Paul Klee: Swiss and Shapes

I know I seem to have gotten into an art rut, but I can’t help but want to share all of my favourites with you guys. Today, I’m bringing you Paul Klee, a Swiss painter influential in the works of expressionism, cubism, and surrealism. He lived until 1940 and helped to draft and perfect colour theory, or, more colloquially, the ways in which we match colours to be aesthetic.
Klee

Let’s peer into Klee’s world, shall we? Let me tell you, it’s a dark world. Much of his work is unnerving at best and disturbing at worst. I’ll open by focusing on his interest in colour theory, as depicted in the image above. The subtle use of rich warm tones and stark cold tones gives the piece a distinctly balanced quality. Yet it doesn’t feel polarised, despite the great difference between the rich black and poignant bright tones. Instead, it feels illuminated.

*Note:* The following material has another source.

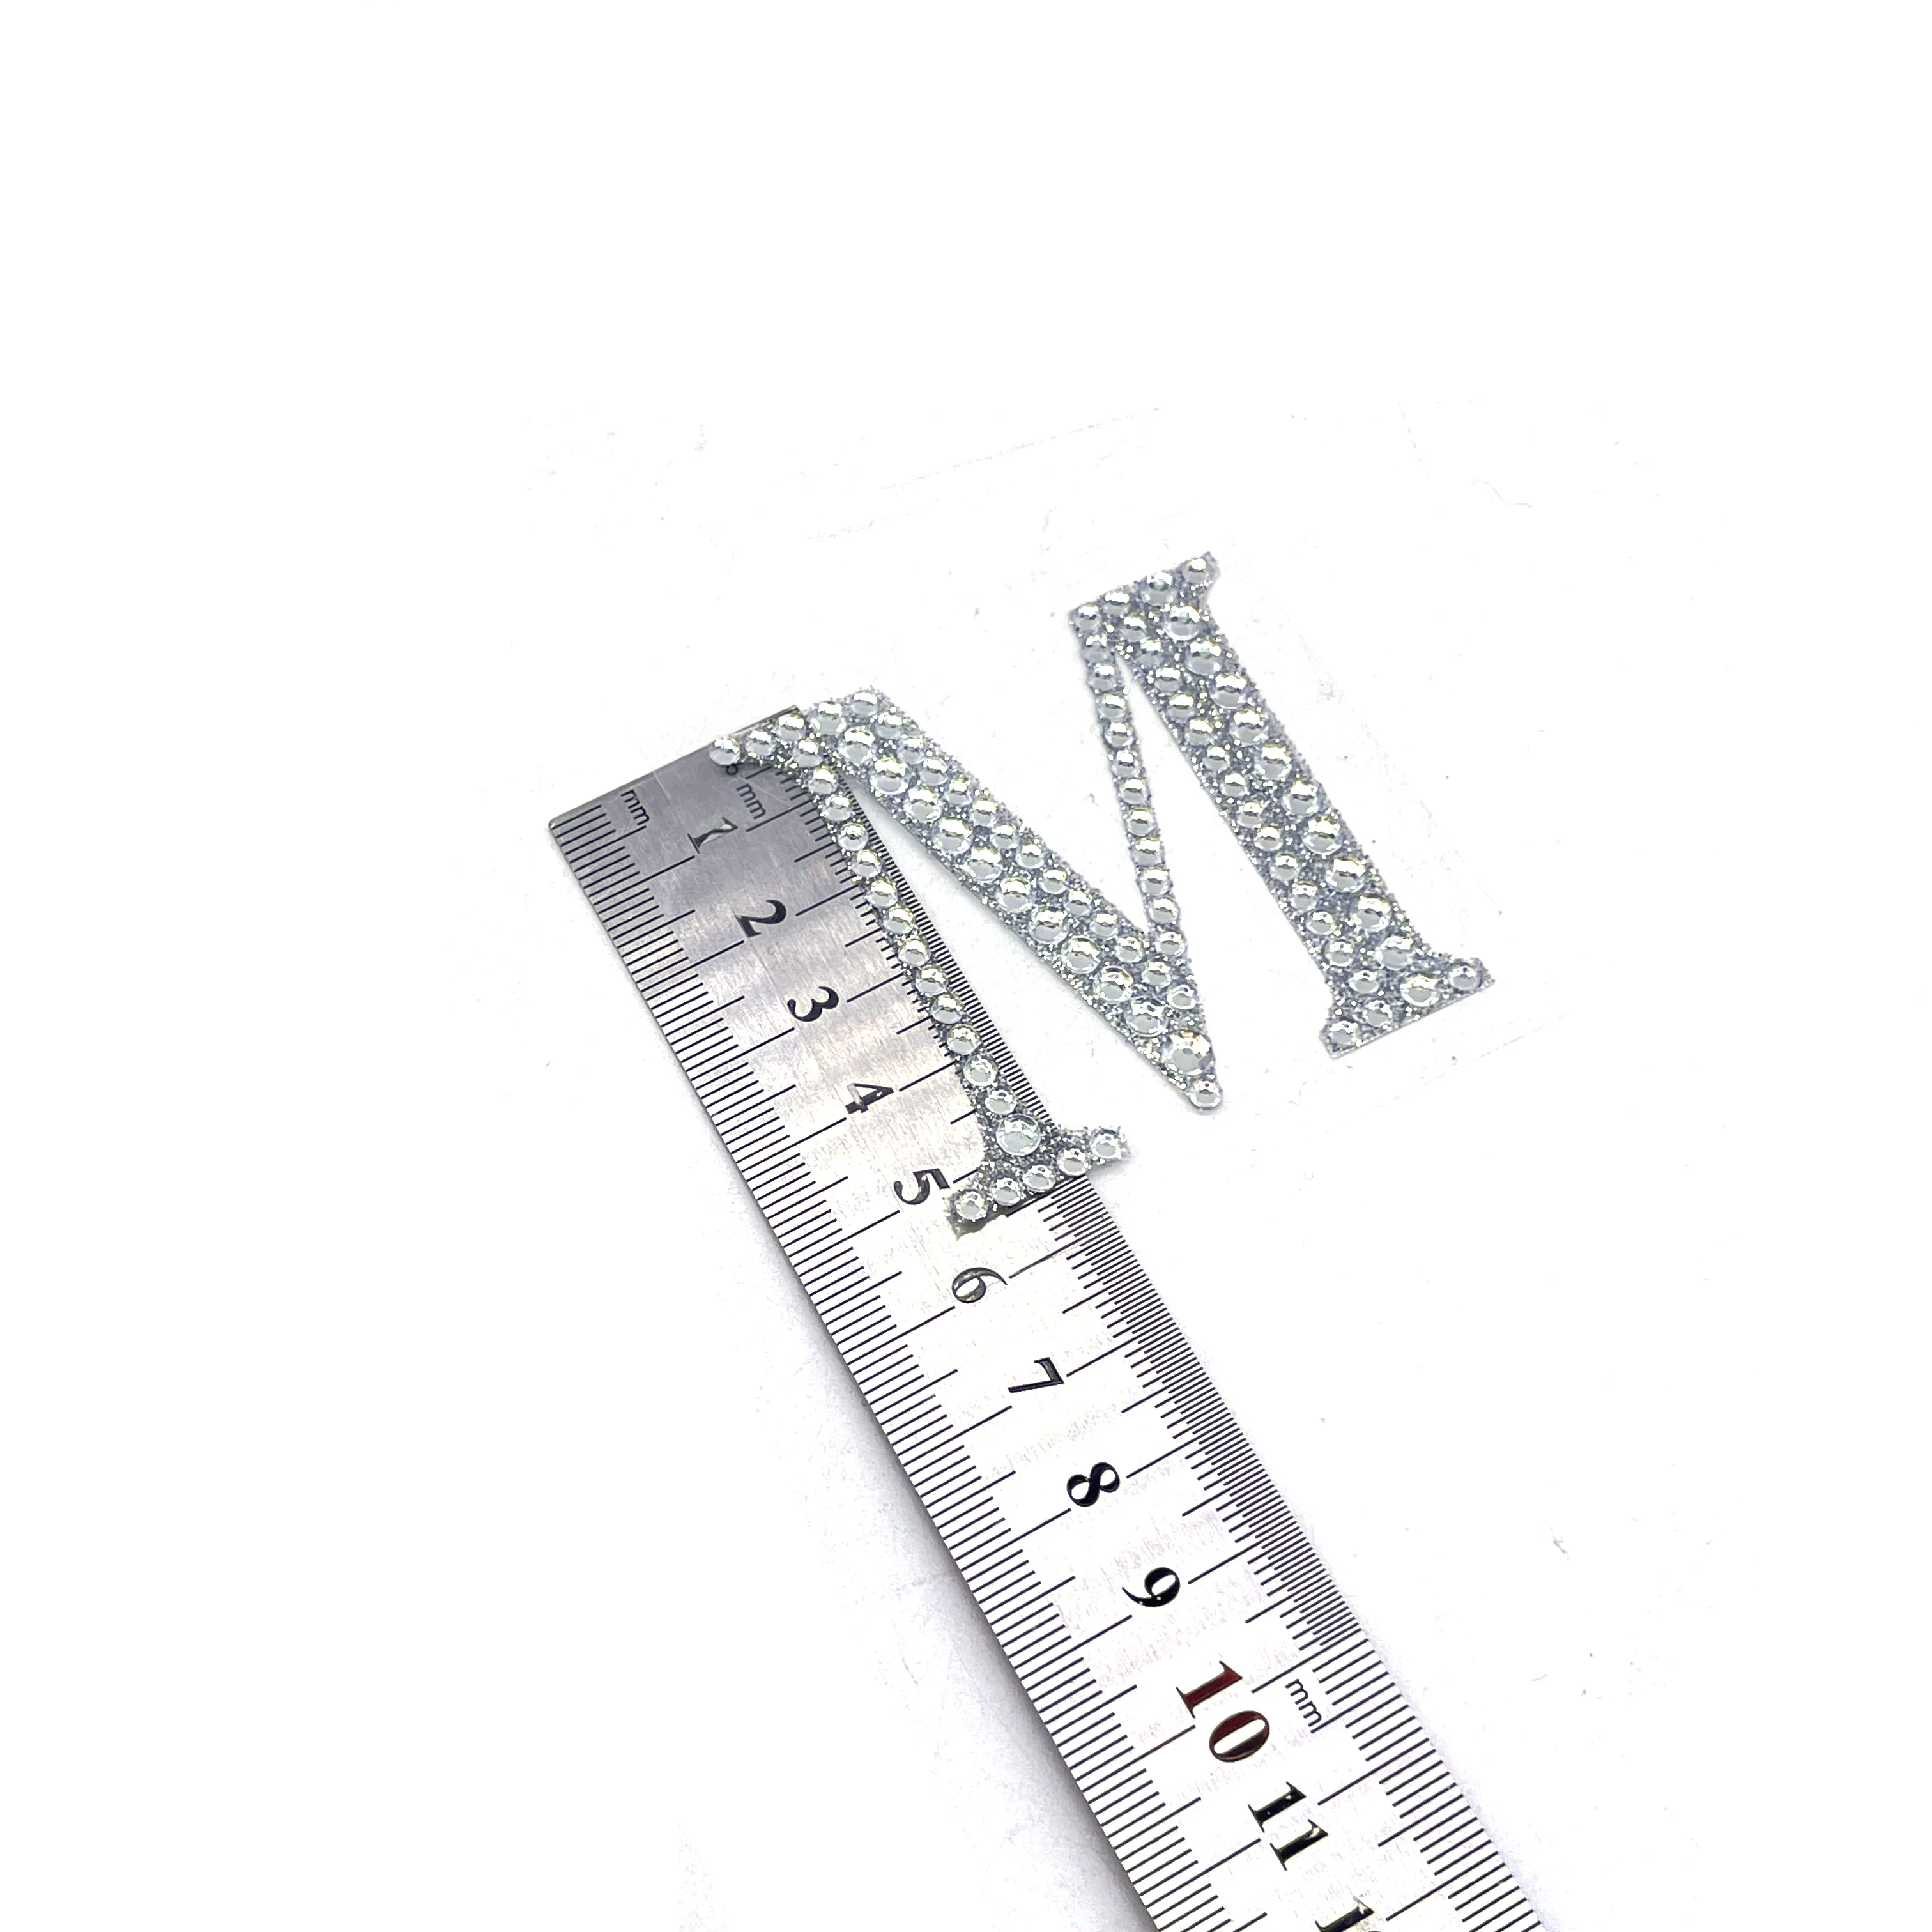 6 Sheets Glitter Letter Stickers Rhinestone Letter Stickers and Bling  Letter Stickers, 26 Letters Self Adhesive Stickers Alphabet Bling Letter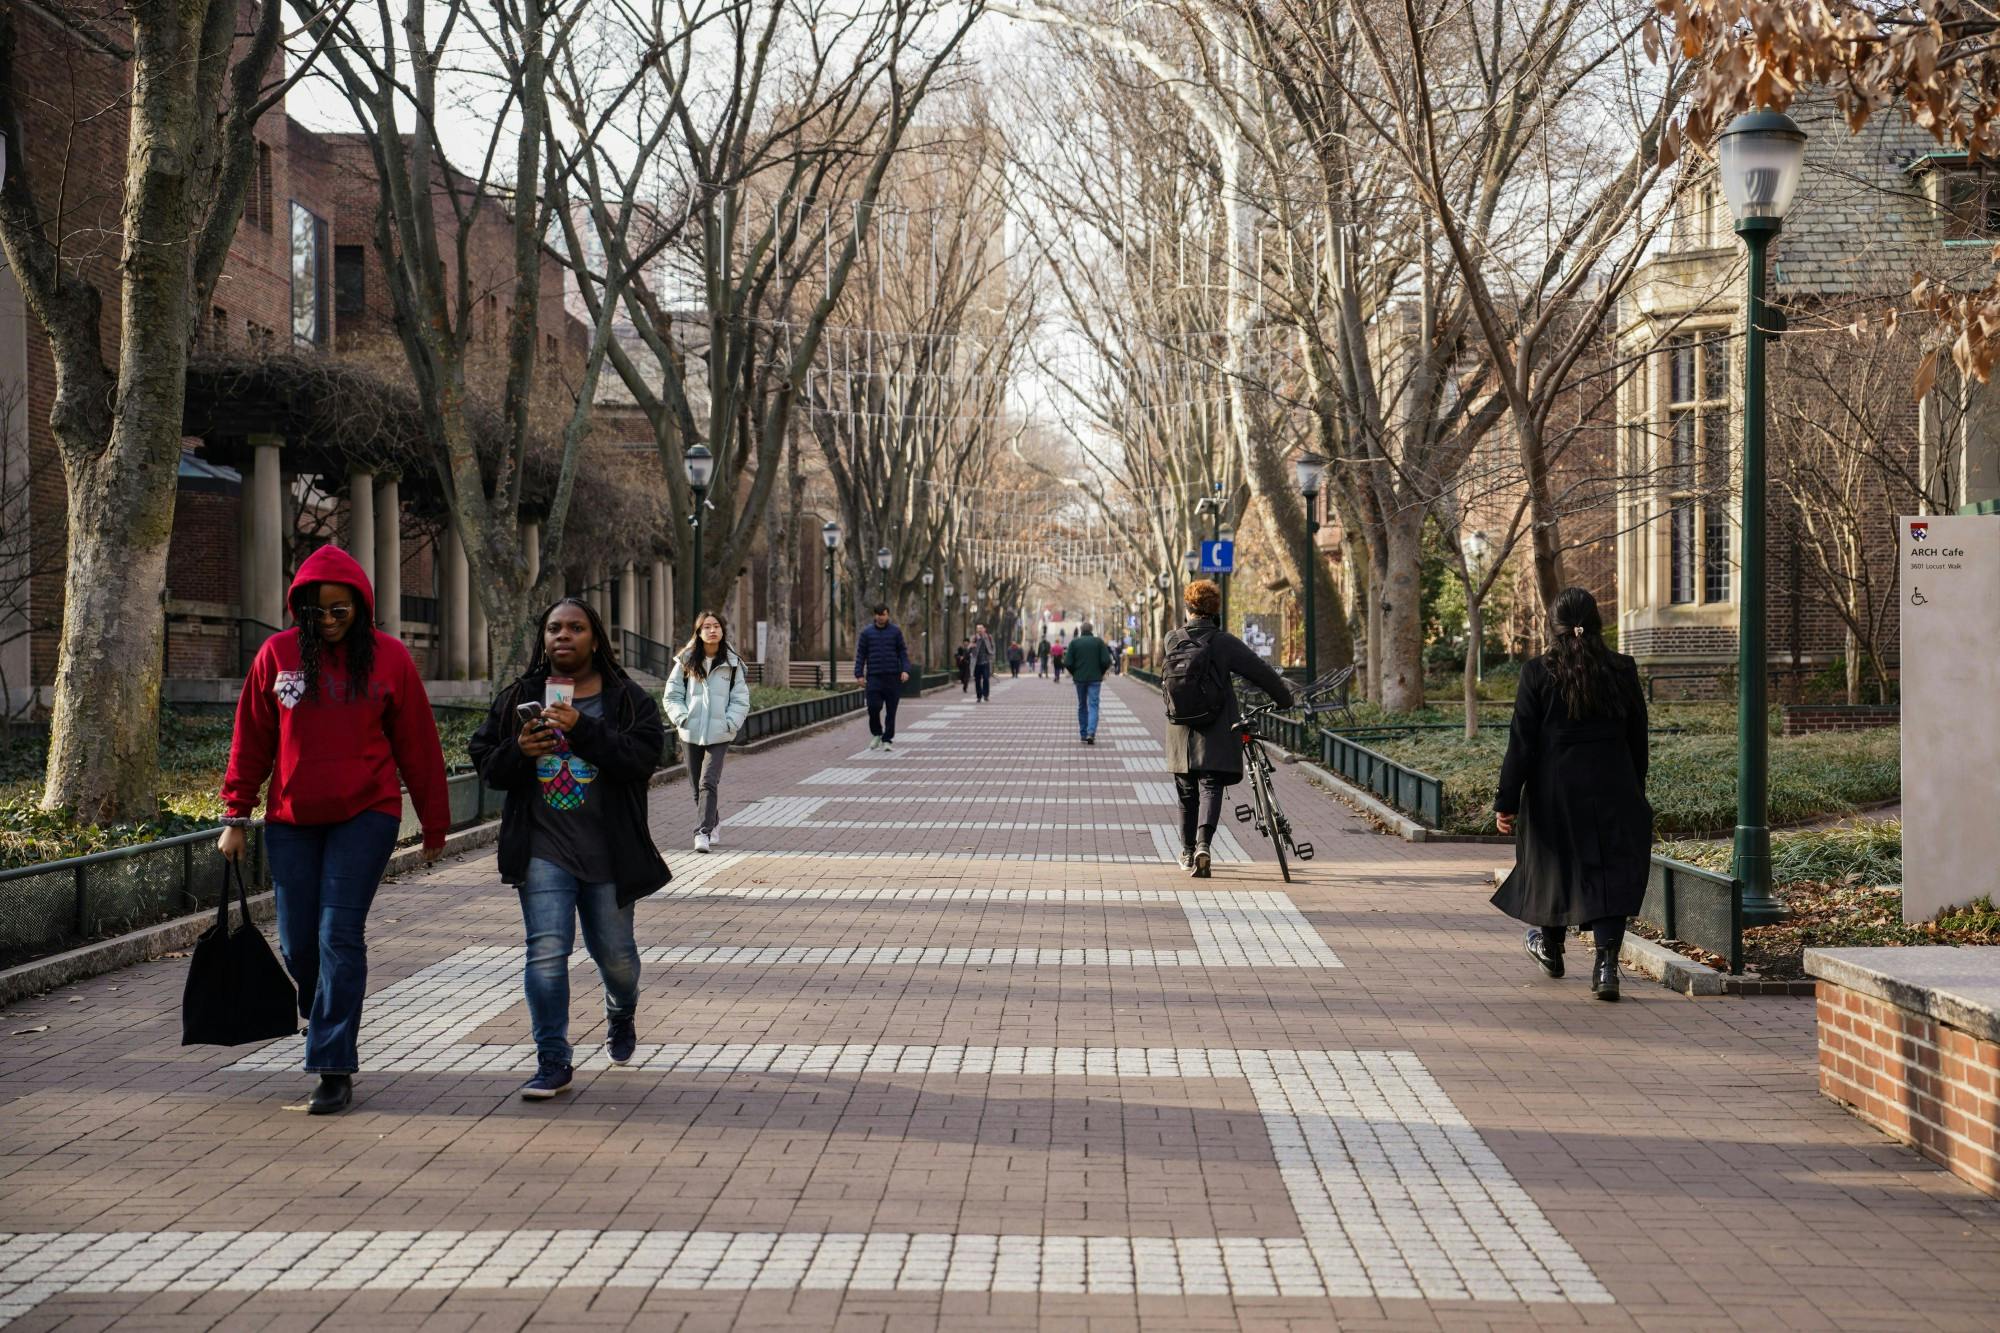 Penn has shortest breaks among Ivy League and local universities, DP analysis finds

If you peer into the shadowed areas, such as in the lower right quadrant, there are warm squares that balance against the cool adjascent to them. Also, the combination of the geometric to the organic, hand-drawn feel allows movement in the painting that would otherwise be nonexistent.

KleeWhat I adore about the piece to the right is not only its balance of colour but also of composition. It certainly feels left-heavy, but it is also grounded what with that thick, bold red stripe on the floor of the painting. This gives it a strong base from which the more complex geometry of the left can grow. Also, the left side does not contain an upsetting amount of contrast; the simple red blocks are the only extreme statement in the piece.

But Klee didn’t only work in squares, however. He could appreciate more than the stark geometric; some of his best works include the organic. Of course, because they are his best, they are also his most horrifying.
Klee

Take Rising Sun for example (shown above). It contains plenty of organic shapes, such as eerie curves and clearly human-drawn circles. Even the geometric has a distinctly sketchy quality to it. But this is also what makes it deeply unnerving. The sickly combinations of colours hark Kandinsky, while the schitzophrenic black marks seem like a fragmented Motherwell. There is something upsetting about this painting, perhaps because it looks — feels like chaos.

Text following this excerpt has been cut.